American painter (1886 – 1972)

Aldro Thompson Hibbard (August 25, 1886 – November 12, 1972) was an American plein air painter known for his landscape paintings, particularly his winter scenes in Vermont. Hibbard primarily worked with oil paint, as he found watercolor difficult to use during the winter months in the Vermont mountains. He spent much of his life in Rockport, Massachusetts.

==Early life==
Aldro Hibbard was born on August 25, 1886 in Falmouth, Massachusetts, to James Thompson Hibbard and Katherine Swift. He had an elder sister, Adeline Hibbard. Raised in the Boston suburbs of Roxbury and Dorchester, Hibbard graduated from Dorchester High School in 1906, where he was captain of the baseball team.

During his youth, he spent summers with his family in Falmouth, Massachusetts. Between 1911 and 1916, he played baseball for the Cottage Club, later known as Falmouth's town team, which subsequently became part of the Cape Cod Baseball League.

Hibbard enrolled in the Massachusetts Normal Art School (now the Massachusetts College of Art and Design) in 1909, where he studied with Ernest Lee Major, Joseph DeCamp, and Frederic Andrew Bosley, painters known for their portraits and still-life works. Hibbard commuted daily from Dorchester, Boston, to attend classes six days a week and also took night classes. Hibbard completed the four-year program in three years and, in 1909, enrolled at the School of the Museum of Fine Arts Boston, which is now known as the School of the Museum of Fine Arts at Tufts, to continue his studies.

At the Museum School, he studied under Frank Weston Benson, Phillip Leslie Hale, and Edmund Charles Tarbell, instructors associated with the American Impressionist movement. After four years of study, Hibbard graduated in 1913 and received the Paige Traveling Scholarship.

With funding to travel to Europe, Hibbard departed Boston aboard the in September 1913, bound for Cobh, Ireland. He traveled through England, France, Spain, Morocco, and Italy, where he studied and sketched works by European masters, exploring both urban and rural landscapes.

Following the outbreak of World War I, Hibbard returned to England and, in November 1914, boarded the SS Arabic to bound for Boston.

==Career==
The National Academy of Design awarded Hibbard the 1922 First Hallgarten Prize for Late February and the 1928 Second Altman Prize for Snow Mantle. He also received gold medals from the Pennsylvania Academy of the Fine Arts in 1922, 1927, and 1931.
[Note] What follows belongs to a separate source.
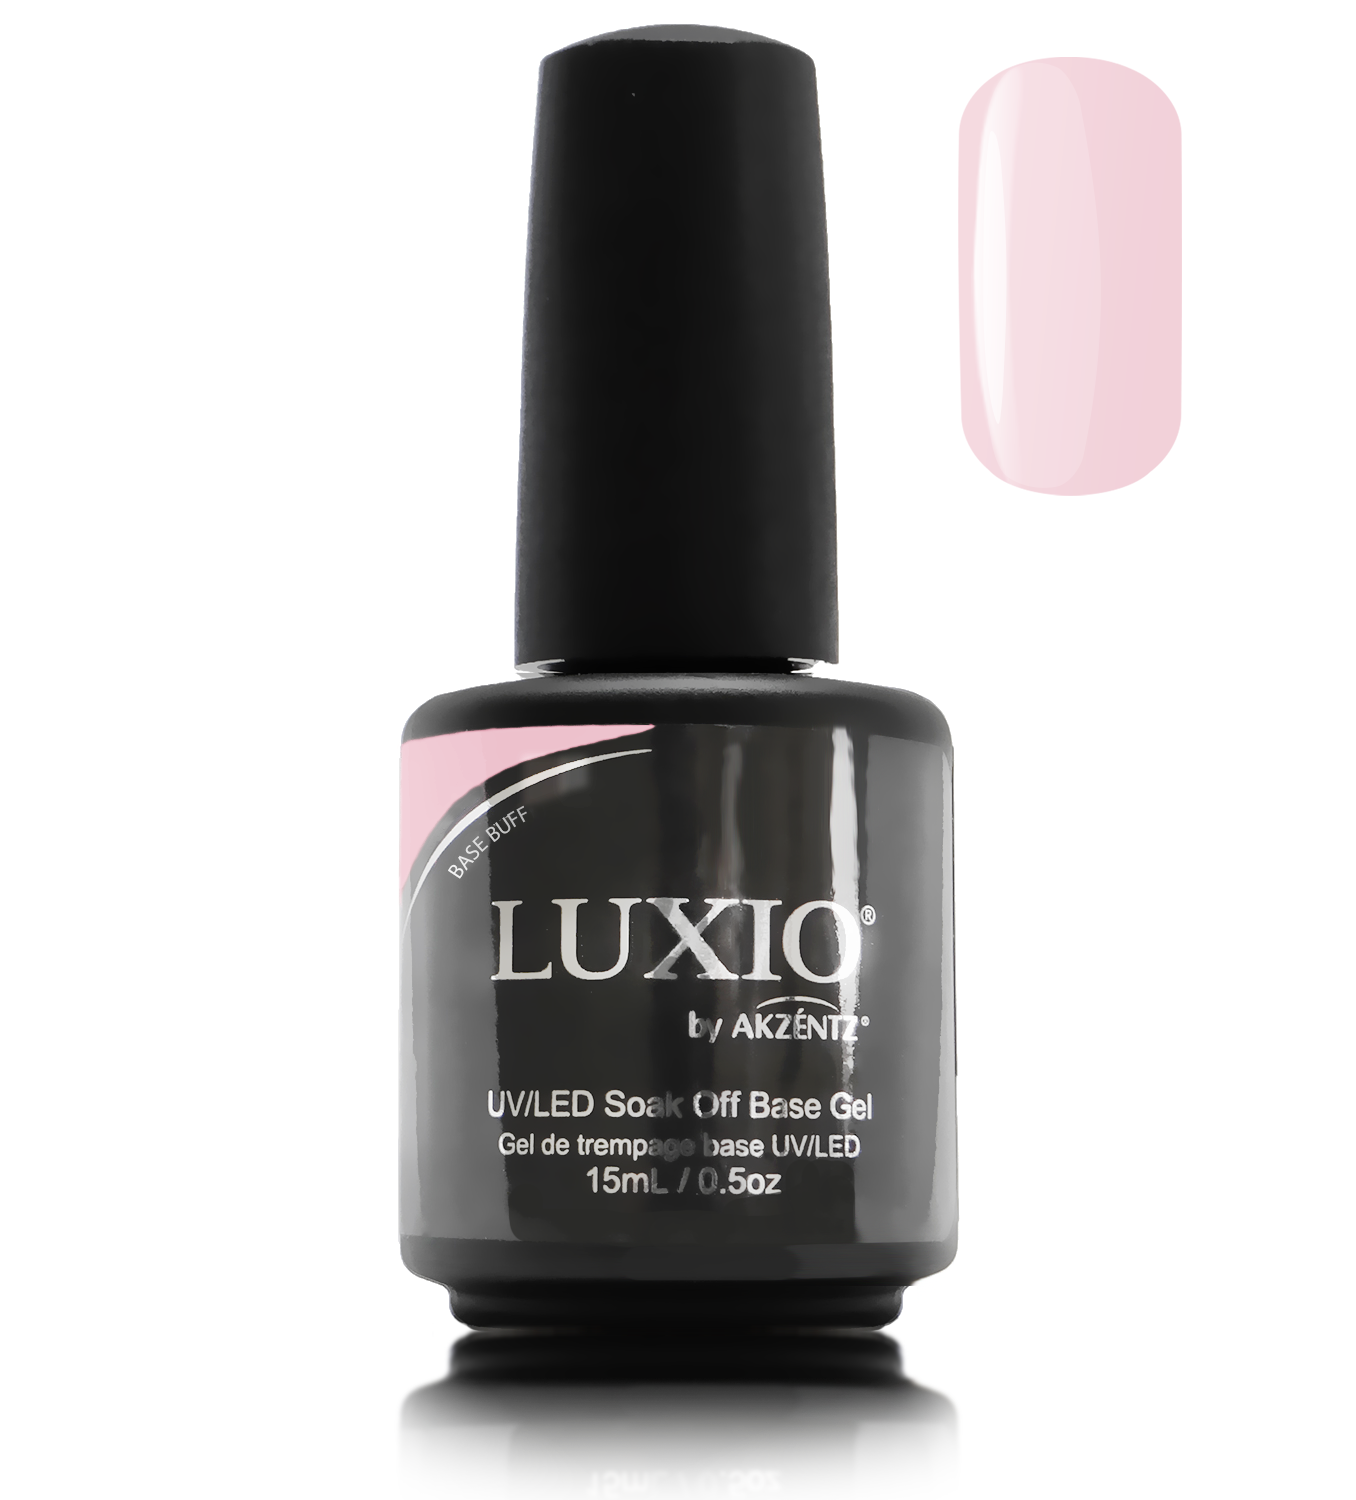 LUXIO -All 3 FULL SIZE (15g) - NAKED BASE COLL: BUFF, SMIRK, STARK

Hibbard collaborated with other artists, including Charles R. Knapp and Harry Aiken Vincent, to establish the Rockport Art Association. He served as the association's president for over 20 years. In addition to his leadership role, he founded the Hibbard School of Painting in Rockport, where he taught during the summers. He spent some of his winters painting in Vermont.

Hibbard was a member of several American art organizations, including the Rockport Art Association and the North Shore Art Association. He was a National Academician of the National Academy of Design, receiving the title 'Associate National Academician' in 1923 and 'National Academician' in 1933.

==Legacy==

His paintings, associated with the Boston School, are held in the collections of several museums, including the Museum of Fine Arts Boston, the Currier Museum of Art, the Portland Museum of Art, and the Whistler House Museum of Art. Some of Hibbard's paintings have been sold through the Invaluable auction site.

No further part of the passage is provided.